From: Hans Aberg (haberg@math.su.se)
Date: Mon Jan 17 2005 - 18:56:59 CST
[Warning: For some reason your email got high spam levels with me. It caused
it to be sorted as spam.]
At 10:46 -0800 2005/01/17, Doug Ewell wrote:
>Hans Aberg <haberg at math dot su dot se> wrote:
>
>> Are there any good reasons for UTF-32 to exclude the 32'nd bit of an
>> encoded 4-byte? I.e, the 6-byte combinations
>> 111111xx 10xxxxxx 10xxxxxx 10xxxxxx 10xxxxxx 10xxxxxx
>> where the first x = 1.
>
>(I think you mean UTF-8 rather than UTF-32.)
Right. Sorry for the typo.
>This is not a limit of UTF-8 per se, but of the underlying ISO/IEC 10646
>encoding. It was intentionally designed as a 31-bit value (bit 31 = 0)
>to prevent implementation problems in "signed integer" environments.
>Java, for example, has no unsigned 32-bit integer type.
OK. But the main thing is that there are 32 bits in the type. Then it
actually does not matter whther it is signed or unsigned. Just translate
xxxxxxxx xxxxxxxx xxxxxxxx xxxxxxxx
into
111111xx 10xxxxxx 10xxxxxx 10xxxxxx 10xxxxxx 10xxxxxx
regardless whther the underlying type is signed or unsigned.

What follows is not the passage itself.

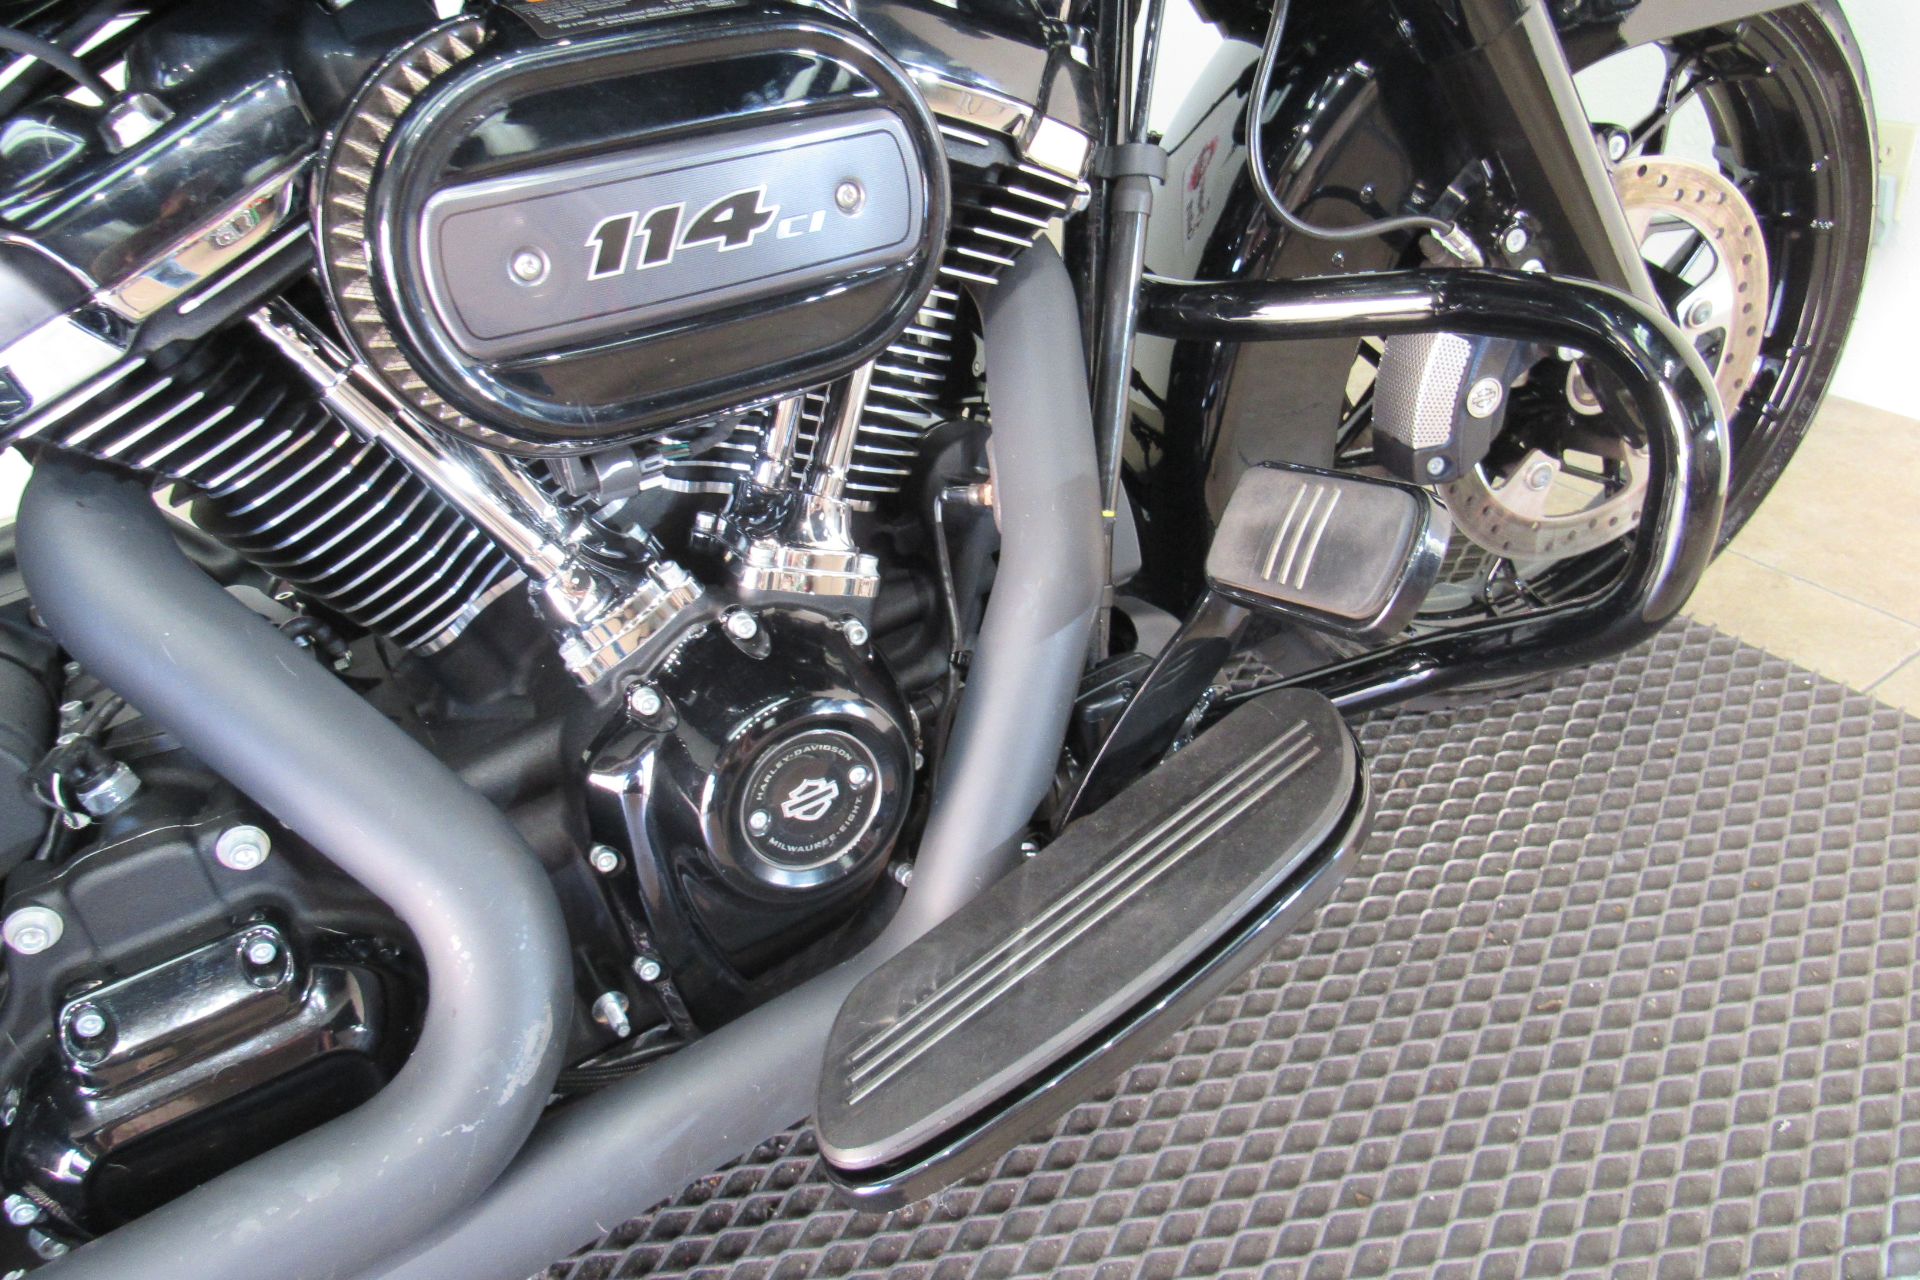 2021 Harley-Davidson Road Glide® Special in Temecula, California - Photo 13

>> With a full 32-bit encoding, one can also use UTF-8 to encoding binary
>> data. It also simplifies somewhat the implementation of Unicode in
>> lexer generators (such as Flex): The leading byte then covers all 256
>> combinations. All 2^32 numbers should probably be there for generating
>> proper lexer error messages.
>
>This is not what UTF-8 is for. It is a multi-byte encoding scheme
>intended to cover the entire ISO 10646 and Unicode space while remaining
>ASCII-compatible. Formats intended for arbitrary binary data have
>neither the same requirements nor the same constraints. In fact, for
>randomly occurring binary data, UTF-8 will use 5 or 6 bytes to represent
>a 32-bit value 99.9% of the time, with none of the obvious benefits
>(like control-code transparency) for which special encoding formats for
>binary data are usually employed.
Things have a tendencey to be used for what they were not intedned for. One
advantage of the UTF-8 encoding (or rather the extended version) is that it
is insensitive to the high/low endian issue. Of course, special binary
protocols are better. But one way to make sure endian comes out righjt s to
pass it through UTF-8.
>Allowing the lead byte in a UTF-8 sequence to extend to 0xFF may
>actually complicate the implementation of UTF-8, by breaking the rule
>that the number of bytes in a multi-byte sequence (i.e. more than 1
>byte) can be determined from the number of leading 1-bits in the lead
>byte.
Instead one just checks the first six 1's. It can't be hard to handle that,
even when writing code directly by hand.
>The leading byte in a UTF-8 sequence does not cover all 256 combinations
>in any event. The values 0x80 through 0xBF are trailing bytes only, and
>0xC0 and 0xC1 will also never occur as the lead byte in a properly
>formed sequence.
>
>This is all moot anyway, since Unicode and ISO 10646 have restricted the
>range of code points to [0x00, 0x10FFFF], with the result that no 5-byte
>or 6-byte sequences represent valid code points.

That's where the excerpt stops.